The IRS concluded that the nontaxable benefit only applies to persons who fall within the definition of “employee” (e.g., current and retired employees, spouses and dependent children). However, the value of any discount provided to an individual who does not fit within the definition of “employee” for this purpose is taxable income to the employee who designated such individual. Accordingly, extending the discount to nonemployees does not adversely affect the discounts available to employees.
3. Which offering price should be used to measure the employee discount – the employer’s published rate or the discounted price provided to discrete customers or consumer groups?
Nontaxable qualified employee discounts on services cannot exceed 20 percent of the price at which services are offered by the employer to the employer’s customers at the time of the employee’s purchase. The offering price used to determine the 20 percent limit can take into account discounts offered to discrete customers or to consumer groups, provided the sales at such discounted prices comprise at least 35 percent of the employer’s gross sales for a representative period. Since the employer failed to provide sufficient information to determine whether the 35 percent standard was satisfied, the memo concludes that the employer’s published rates must be used as the basis for determining the taxable excess discount.
Notably, the discounted price could have resulted in less taxable income. Assume, for example, an employer sells services to an employee for $70 that is ordinarily sold to its customers for $100 (a 30 percent discount). The employer would report $10 taxable income to the employee ($30 discount less the $20 limit). Assume further, that the employer sells its services to discrete customers for $90 (a 10 percent discount), which represents more than 35 percent of its gross sales. The employer would report $2 taxable income to the employee ($20 discount less the $18 limit).
Presumably, this method may also be used to determine the amount to include in an employee’s income for discounts provided the employee’s friends.
Action Items
While it is favorable that the extension of discounts to the employees’ friends as well as their family members does not make all discounts taxable, such a design diminishes the value of the program to the employees and complicates plan administration for the employer.

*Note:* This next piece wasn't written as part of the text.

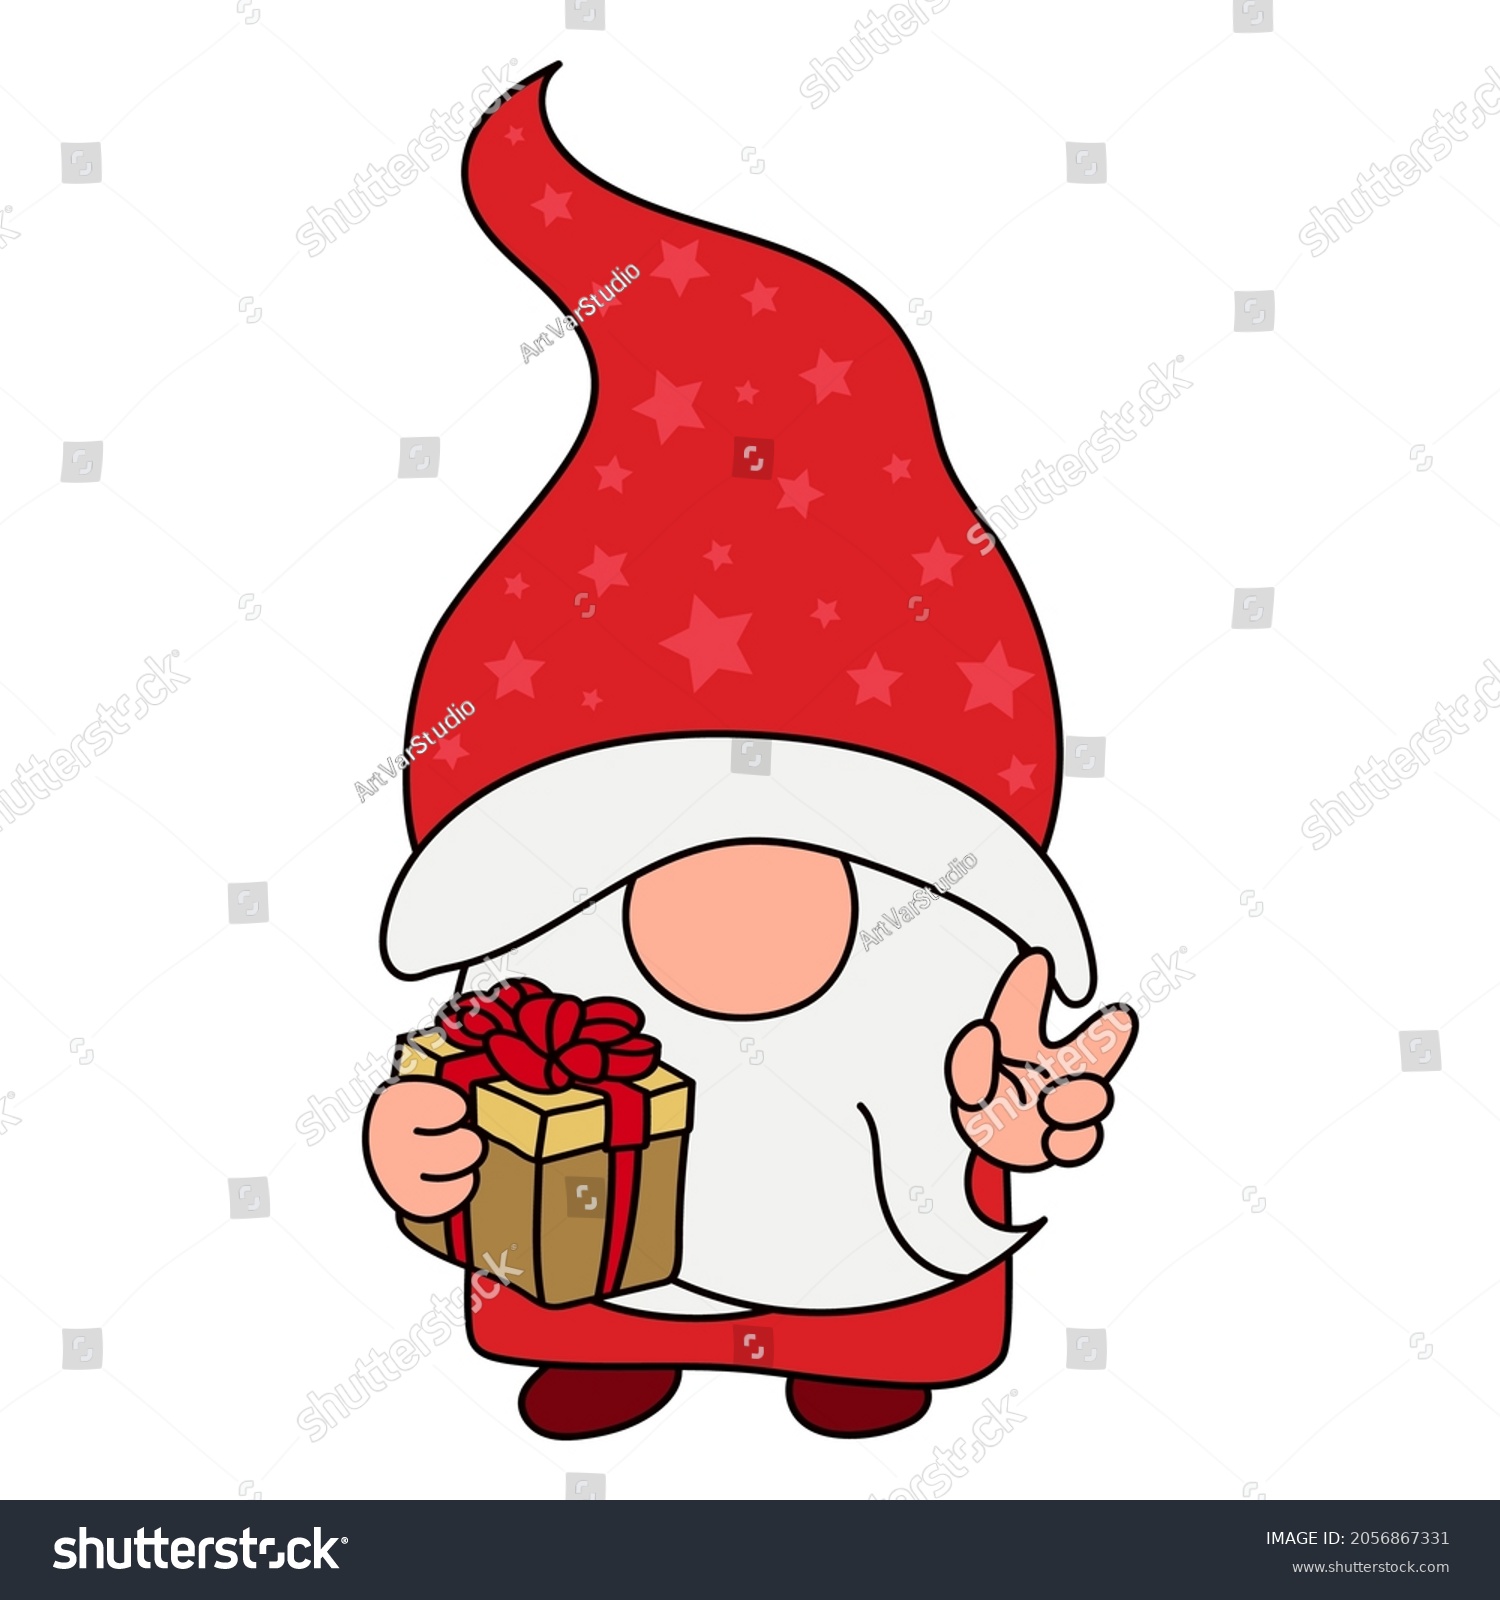 SVG of Vector illustration of gnome for nursery room decor, posters, greeting cards and party invitations. Christmas gnome illustration. Xmas gnome clipart for kids print. svg
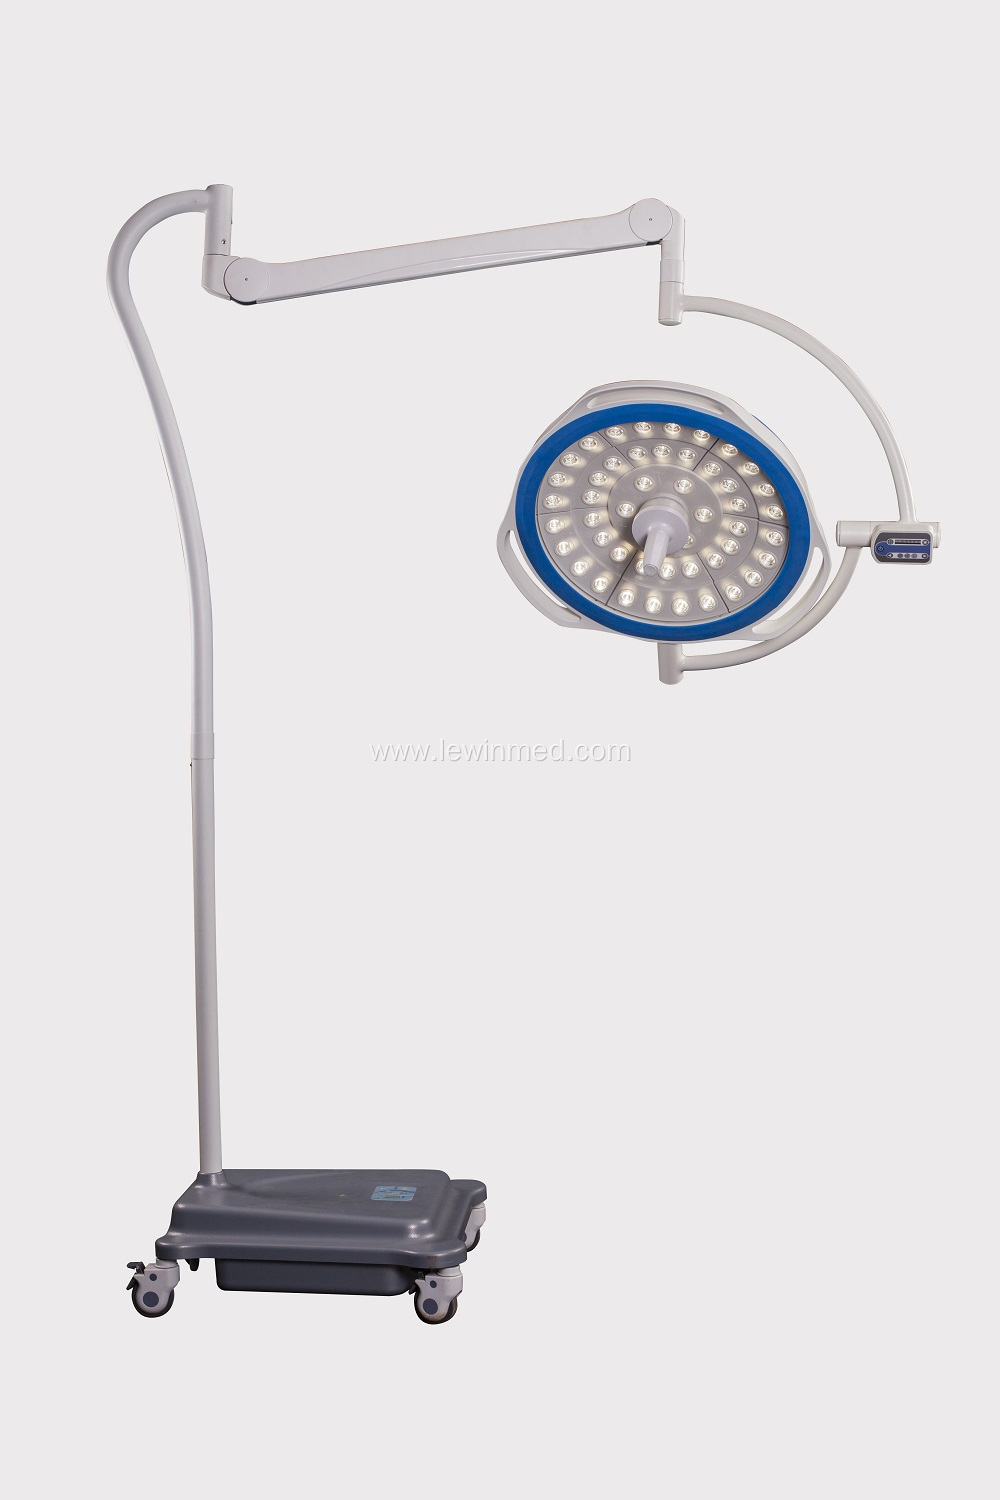 Floor type LED Operating Lamp with wheels

From an employee’s perspective, the value of the discounts provided to the employee’s friends will be treated as additional wages in which taxes on such benefits must be withheld from the employee’s paycheck; while the friends enjoy the fringe benefits without incurring any tax liability. If an employer extends its “qualified employee discount” program to nonemployees, it should notify the employees about the tax consequences of designating such individuals to participate in the program.
From the employer’s perspective, additional employment taxes attributable to the discounts provided to the employees’ friends will be incurred by the employer. Plan administration also becomes more burdensome since an employee’s relationship with each person designated to participate in the discount program must be tracked so that the employee’s taxable income can be properly calculated, reported and withheld upon.
For administrative simplification, employers may wish to limit their “qualified employee discount” programs to active employees, retirees, and their spouses and dependent children to avoid having to identify nonemployees participating in the program and imputing income to the employees for their use.
Further, if the employee’s discount is based on a discounted price provided to discrete customers or consumer groups, rather than the published rates, the employer should maintain records that (i) establish that 35 percent of the employer’s sales are comprised of discounted rates given to such customers, and (ii) show each group’s discount and the percentage of sales that each group contributes to the total sales. Absent such showing in an audit, the IRS agents are instructed to base the employee’s discount off of the published rates, which may result in higher income inclusion for the employee.